On June 7, 1329, when the June mornings must have been making his thoughts go back to Bannockburn, the sufferings which the Bruce had borne so bravely came to an end.

"He was, beyond all living men of his day, a valiant knight," says one of the monks who chronicled the history of Scotland in long ago days.

From Cardross he made his last journey, past "the bonny banks of Loch Lomond," and was buried at Dunfermline, under a beautiful marble tomb made in Paris.

Two centuries later, Reformers wrecked the tomb, and in 1819 his body was found, wrapt in mouldering linen shot with gold, and was buried once again with honour.

The promise of the Black Douglas was one that had to be broken.

The heart, in a silver casket, cunningly enamelled, he bore round his neck by a string of silk and gold.

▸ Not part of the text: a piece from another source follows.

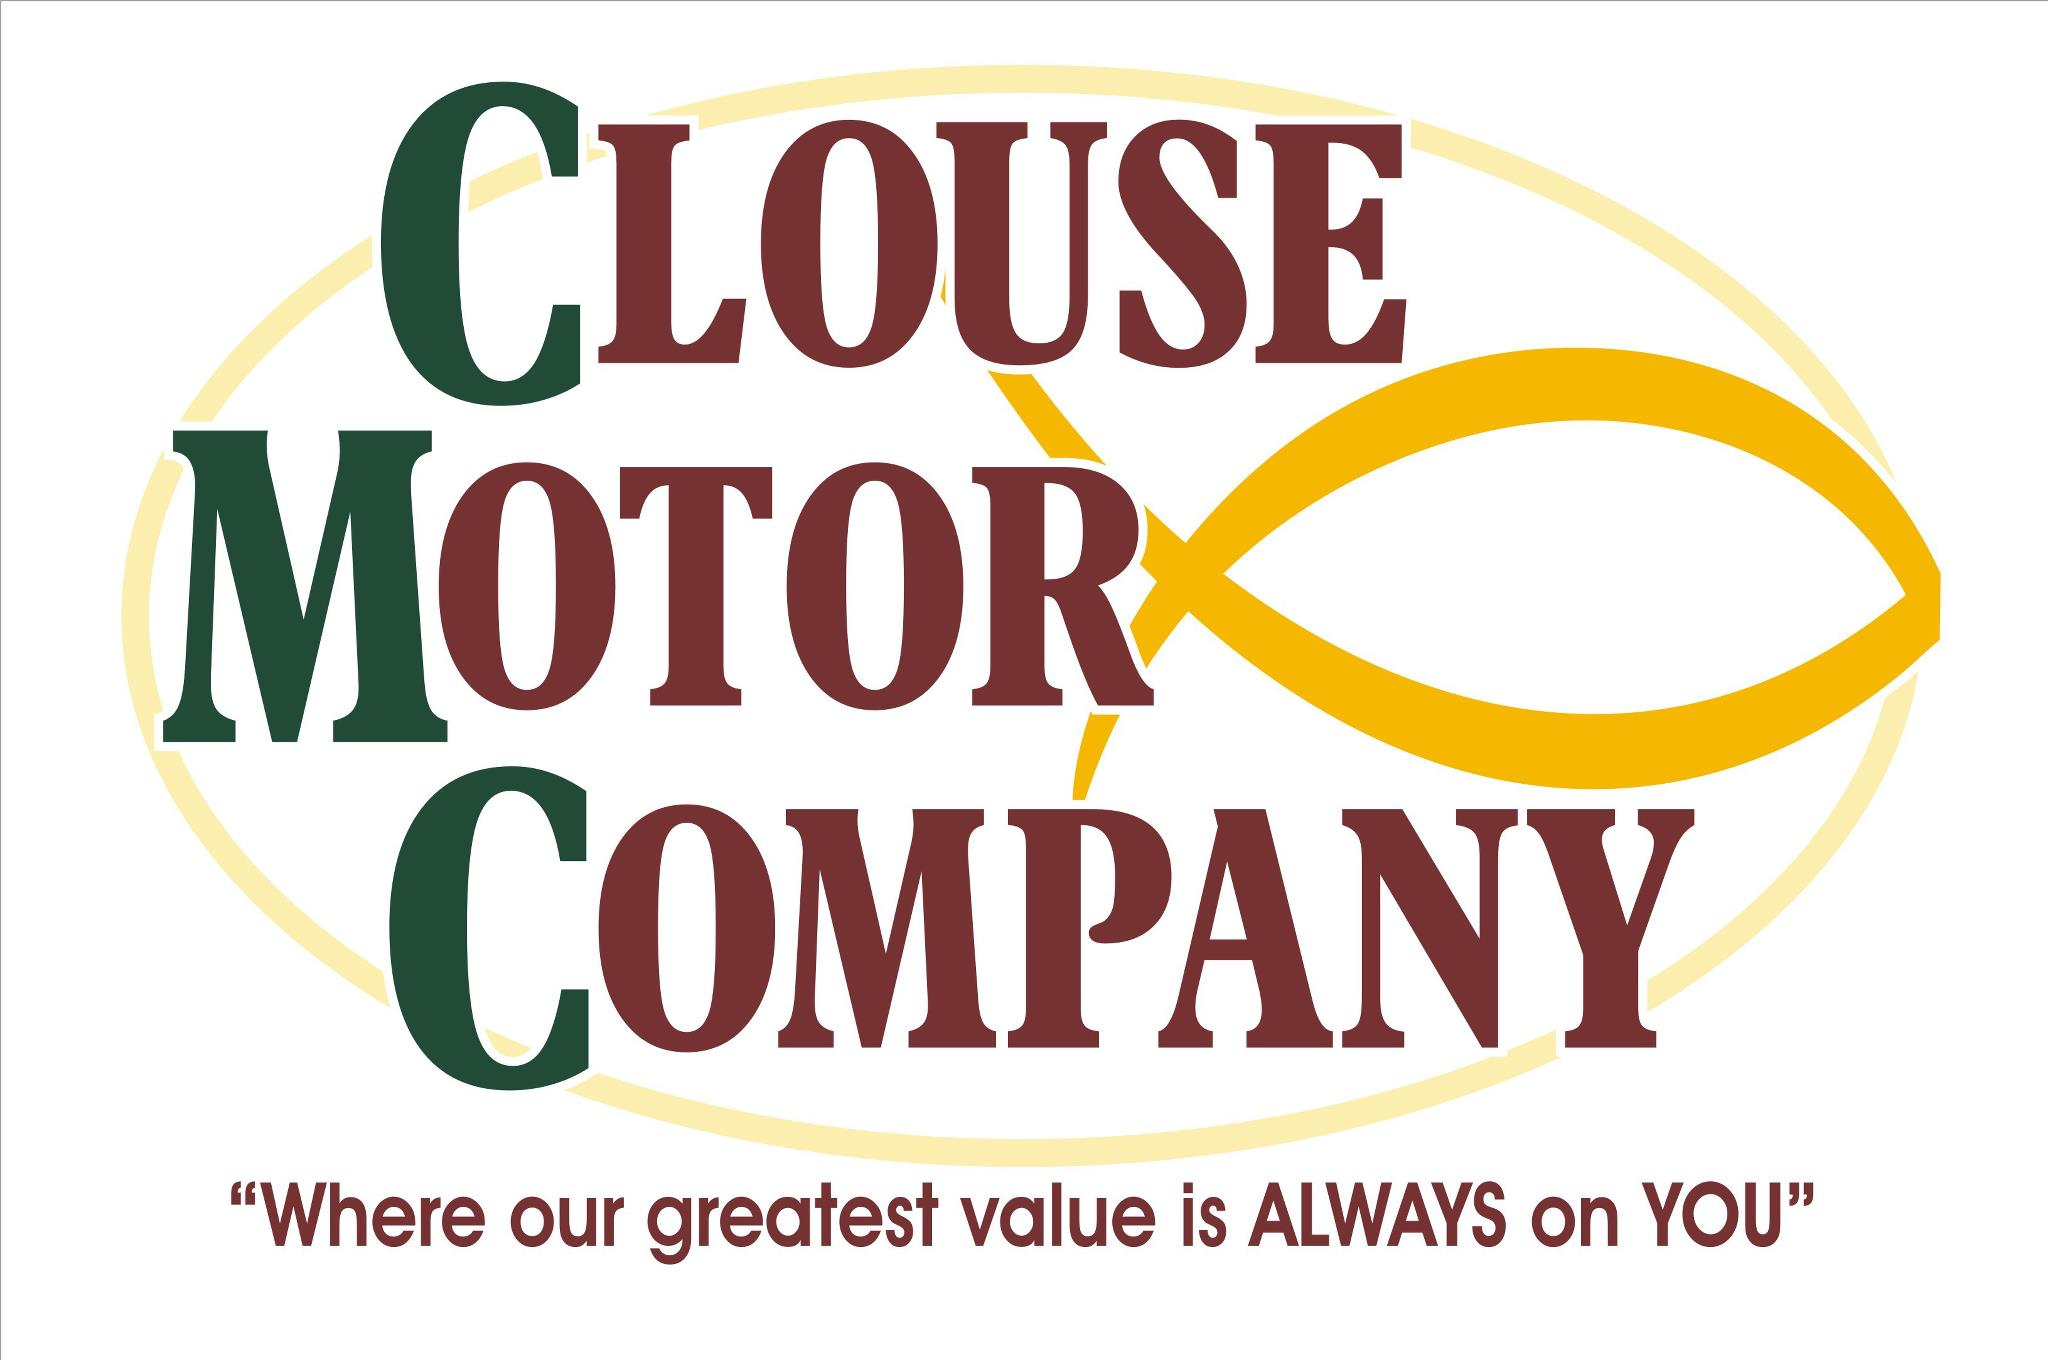 Clouse Motor Company, Inc

In February 1330 he set sail with a noble company for the Holy Land.

In Spain he stopped, hearing of a war between the Moors of Granada and the Spanish King of Castile. Feeling that, as a true knight, he could not pass on without drawing his sword for God and the right, against the hated Saracen, he halted there.

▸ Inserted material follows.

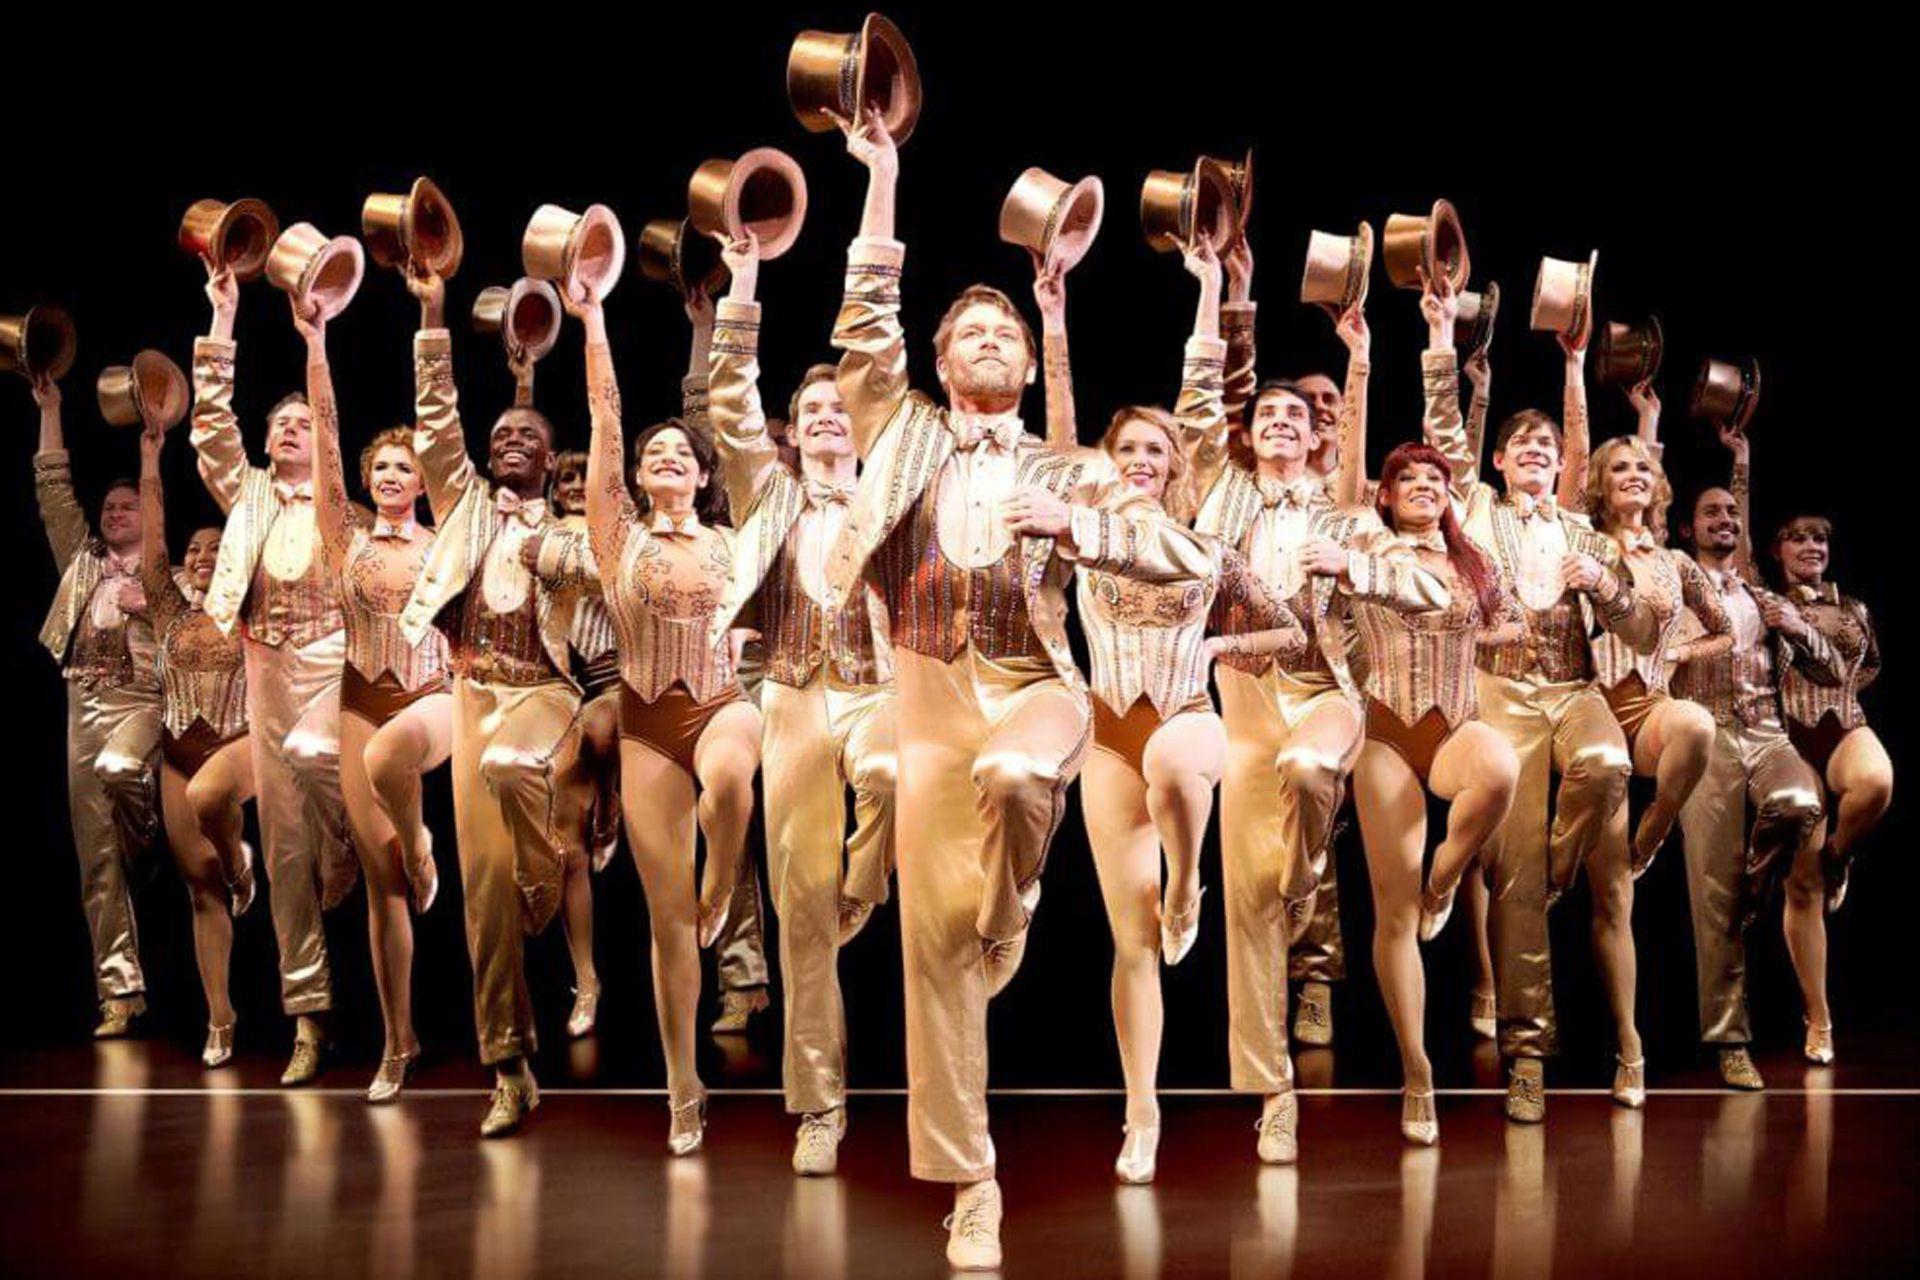 A Chorus Line, un clásico de la historia del musical

"Now shame it were," cried good Lord James,

"Shall never be said of me,

That I and mine have turned aside,

From the Cross in jeopardie!

Have down, have down, my merry men all—

Have down unto the plain; We'll let the Scottish lion loose

Within the fields of Spain!"

From the Spaniards he and his knights received a royal welcome.

There were few knights in Europe as famous as the good Lord James—most fearless, and yet most gentle of knights.

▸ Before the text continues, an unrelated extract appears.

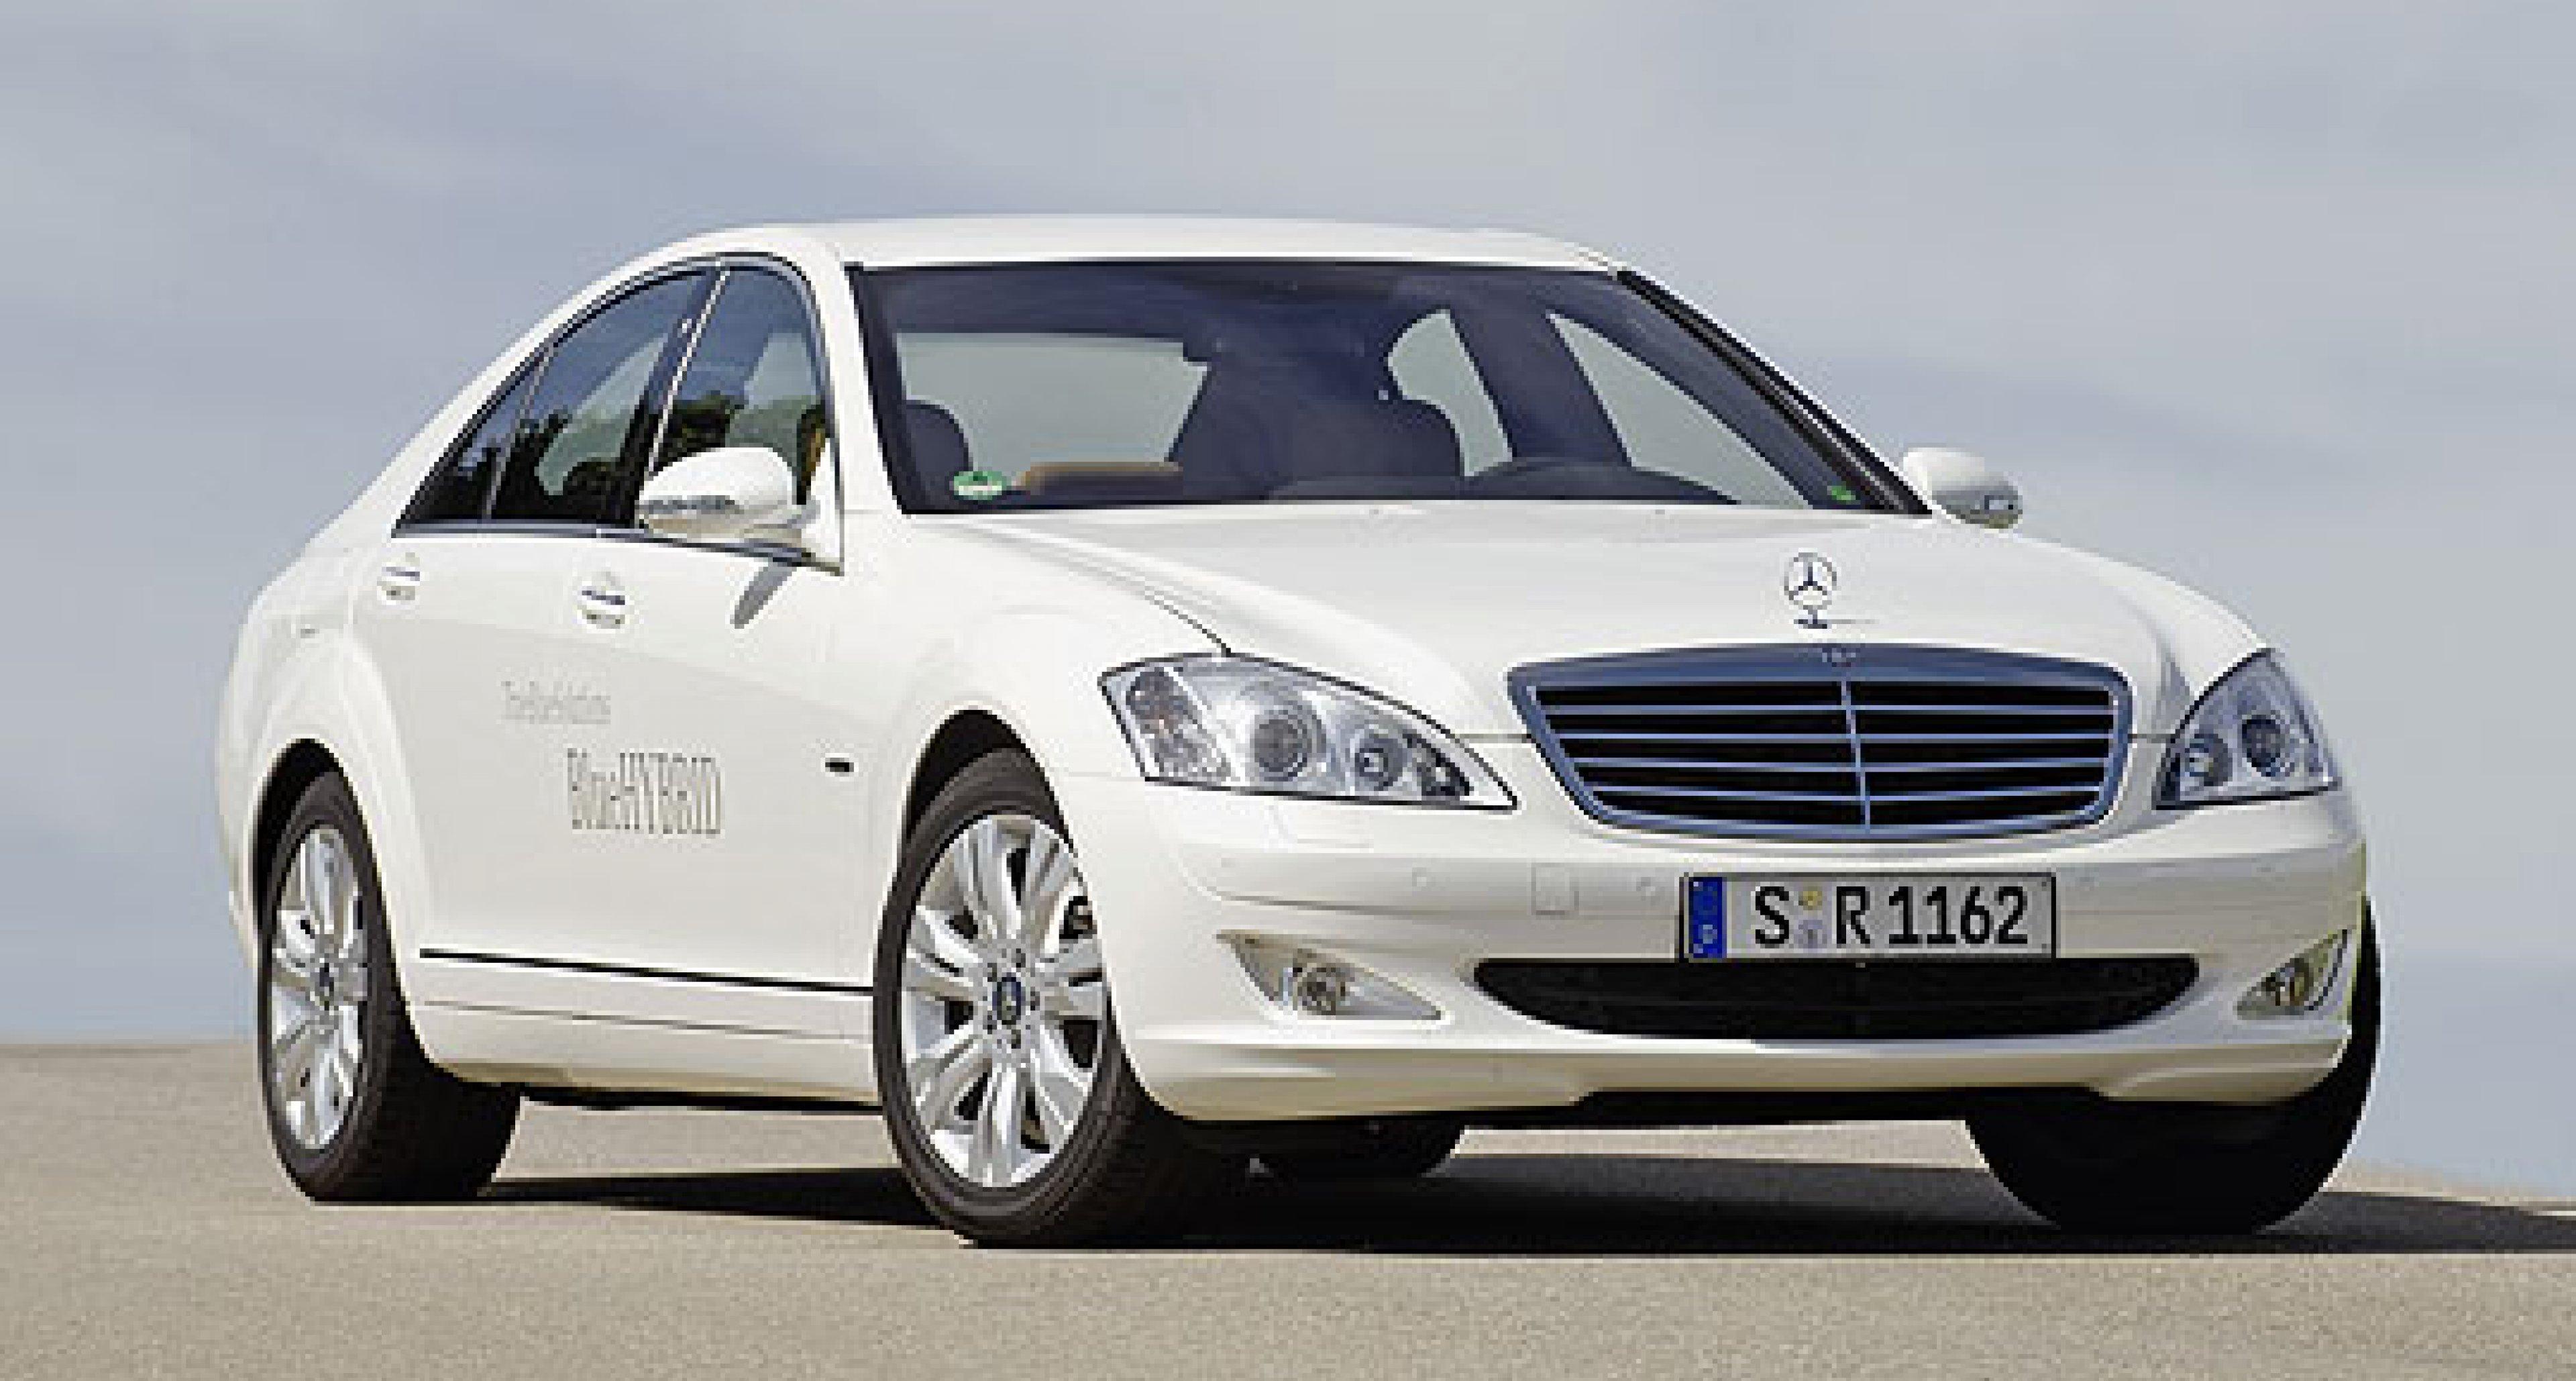 Mercedes-Benz S 400 BlueHybrid: Allez les bleus

One famed Spanish warrior, his face scarred with many an old wound, looked with surprise at the Douglas's smooth brown face.

"Ye have been in so many fights," said he; "how comes this miracle, that you have escaped with never a scar?"

"Praise God," said Douglas, "I always had hands to defend my head."

On August 25, 1330, the Spanish army met the Moors in battle.

The advance was sounded, and the Douglas, mistaking it for a general attack, galloped forward with his men in furious charge.

"Allah! illah! Allah!" came the fierce cry from many Saracen throats.

"A Douglas! a Douglas!" shouted the men of the Border, the chivalry of Bruce's land.

It was a terrible fight. The Scots, with no backing from their Spanish allies, were outnumbered and surrounded by the men who were then the most dangerous fighters on earth.

Even then he might have escaped, but he saw his friend, Sir William St. Clair of Roslin, in danger of his life, and pressed forward to help him. On every side of him were the dark faces of the Saracens; around him his bravest men lay slain.

"Allah! Il! Allah!" triumphantly came the war-cry of the bloodthirsty host.

There was for him, as for the Bruce, "no way but death."

Taking the precious casket from his neck, he cast it before him where the fight was fiercest.

"Pass first in fight, as thou wert wont to do! he cried. "Douglas will follow thee or die!"

They found him lying dead on the field, where the slain were thickest, with the heart of the king he loved so well sheltered under his body.

In St. Bride's Church of Douglas the faithful knight now lies at rest.

Where the high altar once stood in Melrose Abbey, close to the murmuring Tweed, which no longer divides foe from foe, but friend from friend, rests the heart of the greatest king that Scotland ever knew.